"I'm just so heart broken cause you aren't the child I raised anymore." ~ My Mom says through tears and speaking in tongues. (If you grew up Pentecostal like I did, you know what tongues is)
"Your sister and I watched old home movies, and the person I see before me now, is nothing like the girl I raised." She continued to cry. She put her arms around me. My little Momma, she's so pint sized compared to my 5'10", large frame. Her head rests in my bosom, almost like we have reversed roles and now I'm the Mother.
"I did what I had to do to survive." I say as I begin to cry. "I don't know what else to do." I say to her softly.
My daughters play loudly while this is going on. Their laughter echos through the house. I'm glad someone has remembered the way to laugh.
My Mom and I drop the subject as quickly as it began. She begins to wash dishes and I run to the hallway to grab the vacuum.
We went about our day, taking down the inside Christmas decorations, and getting the house clean as Alexandra and I leave for Boston in less than a week. We never spoke of that moment again, and probably never will.
"Mom just feels horrible because your always so down, and depressed and you never get out of it. She watched those home videos with me and your always happy and smiling. She just wants you to be happy. No matter what happens all of us will be together in the end." ~ My sister responds to me as I ask her what happened when they watched the home videos together. "But I smile, and I do stuff. I do." I reply. "But you go from happy to really sad instantly, and it happens often and I think it scares Mom." "I can see that. I don't know what else to do."
I looked at my Mom's face hard today. Really looked. My Mom has always had this round happy face, even in her early 60's she has hardly had any wrinkles. But ever since she became Alexandra's part time caregiver, I have seen an aging. Not because Alexandra is difficult, but because she sees the pain inside this household. She sees what I have been putting up with for years now. And it hurts her. Now I know why she always would ask me in the past "Honey, you have such horrible dark circles under your eyes ~ are you okay?".
I don't know what else to do. I just don't know. I hate that its hurting my Mom.

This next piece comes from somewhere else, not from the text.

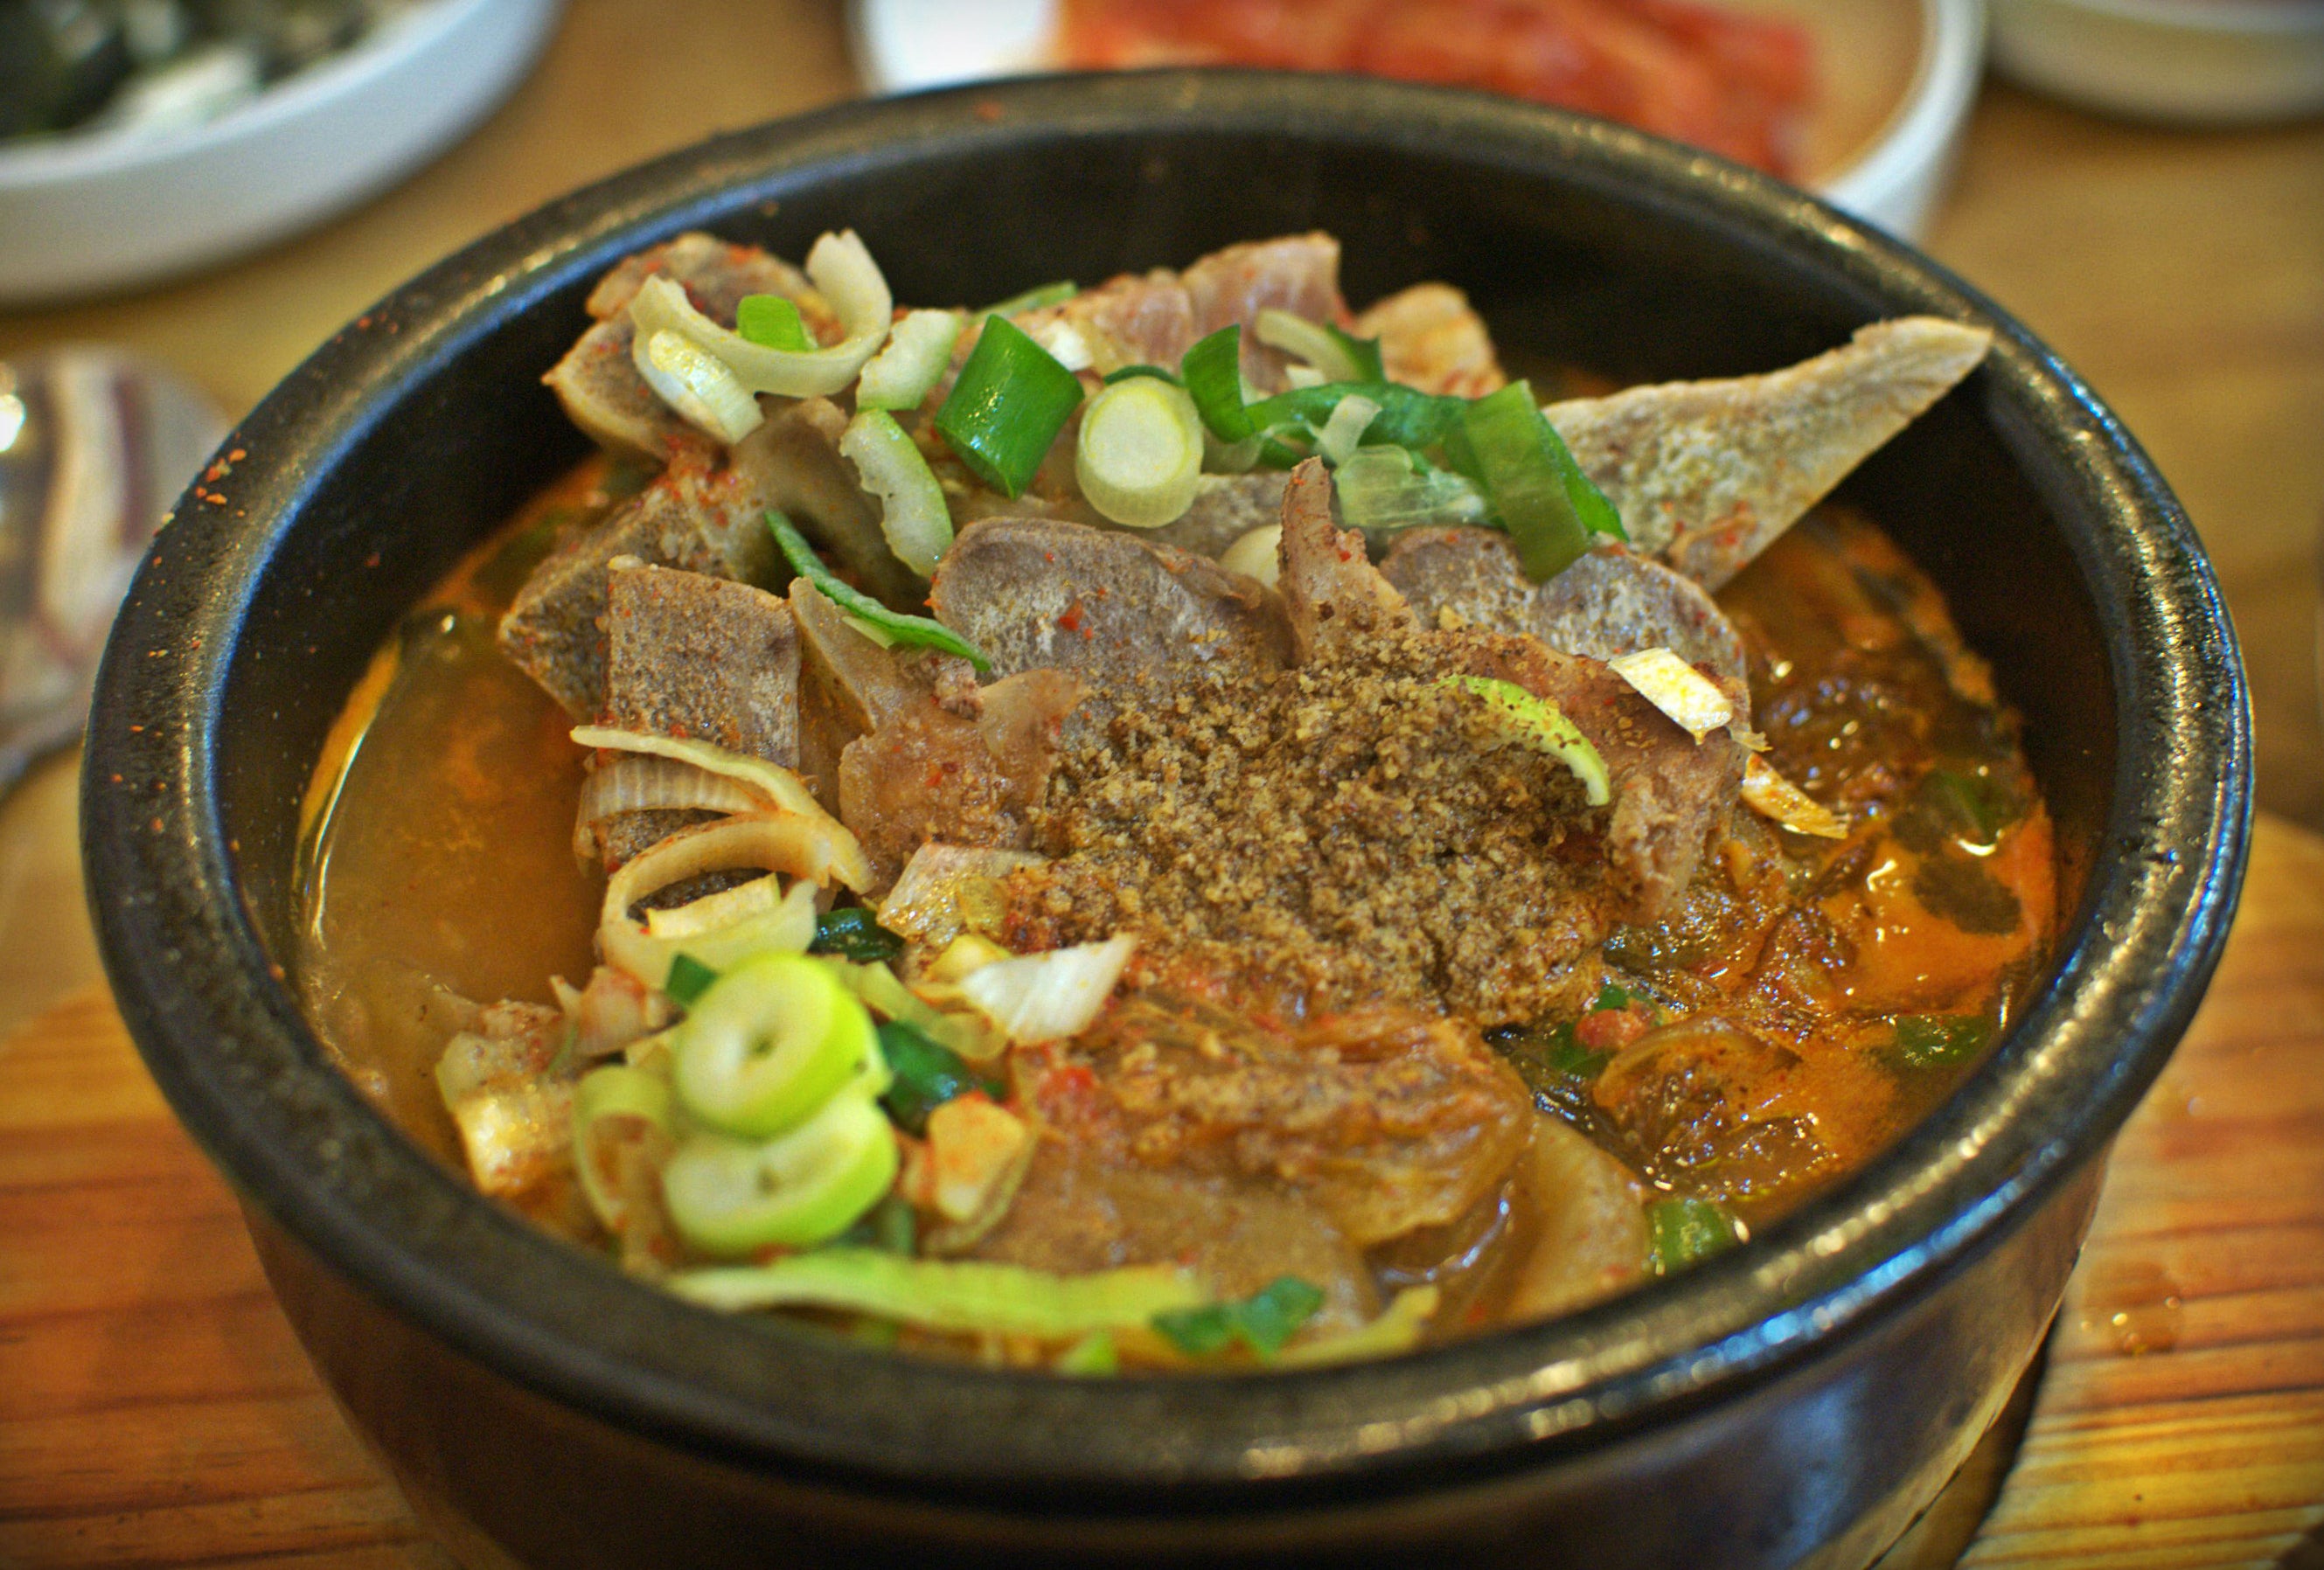 haejangguk made with pork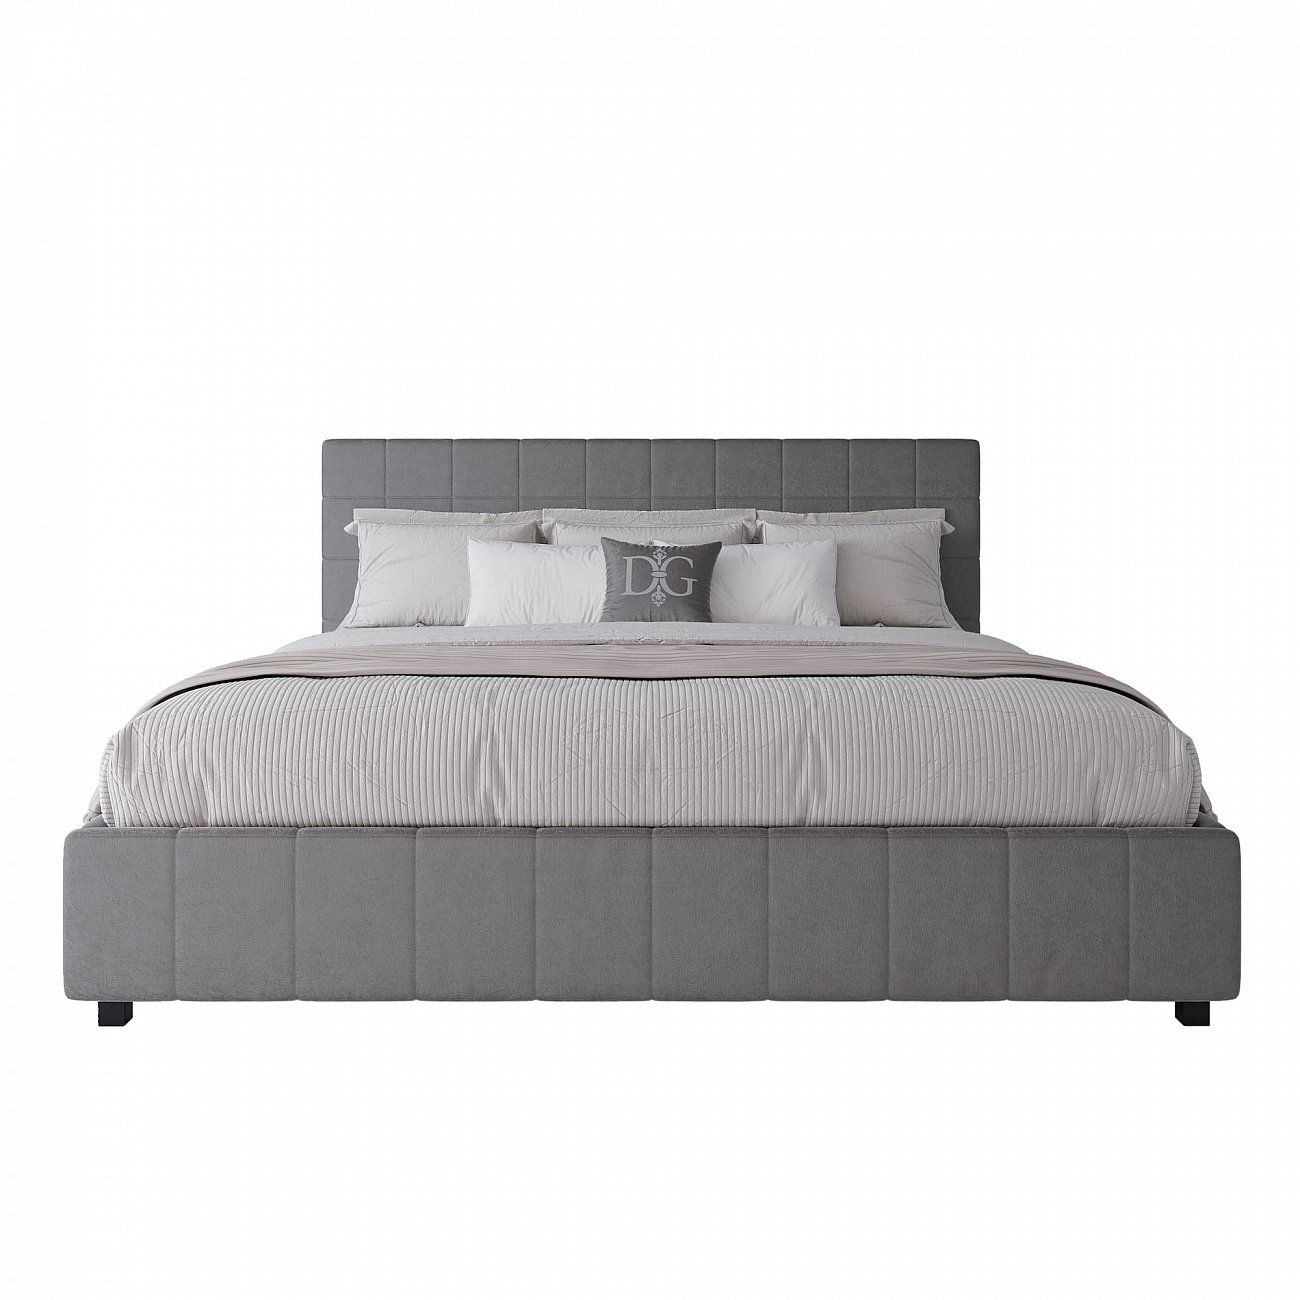 Euro bed 200x200 cm gray-beige Shining Modern

That even my Dad is crying at night because he sees what I have to put up with.
I have to take pills to get through the day. Pills to sleep at night. Because the person I need to hold me up and take care of me, can't. He can't see past his own pain. And it's not pain from the happenings of our daughter, its decades of abuse as a child, its his feeling of indifference, and narcissism that keep him from seeing the real reasons things are happening. It's pridefulness.
I don't know what else to do. I pray. It's all I have left.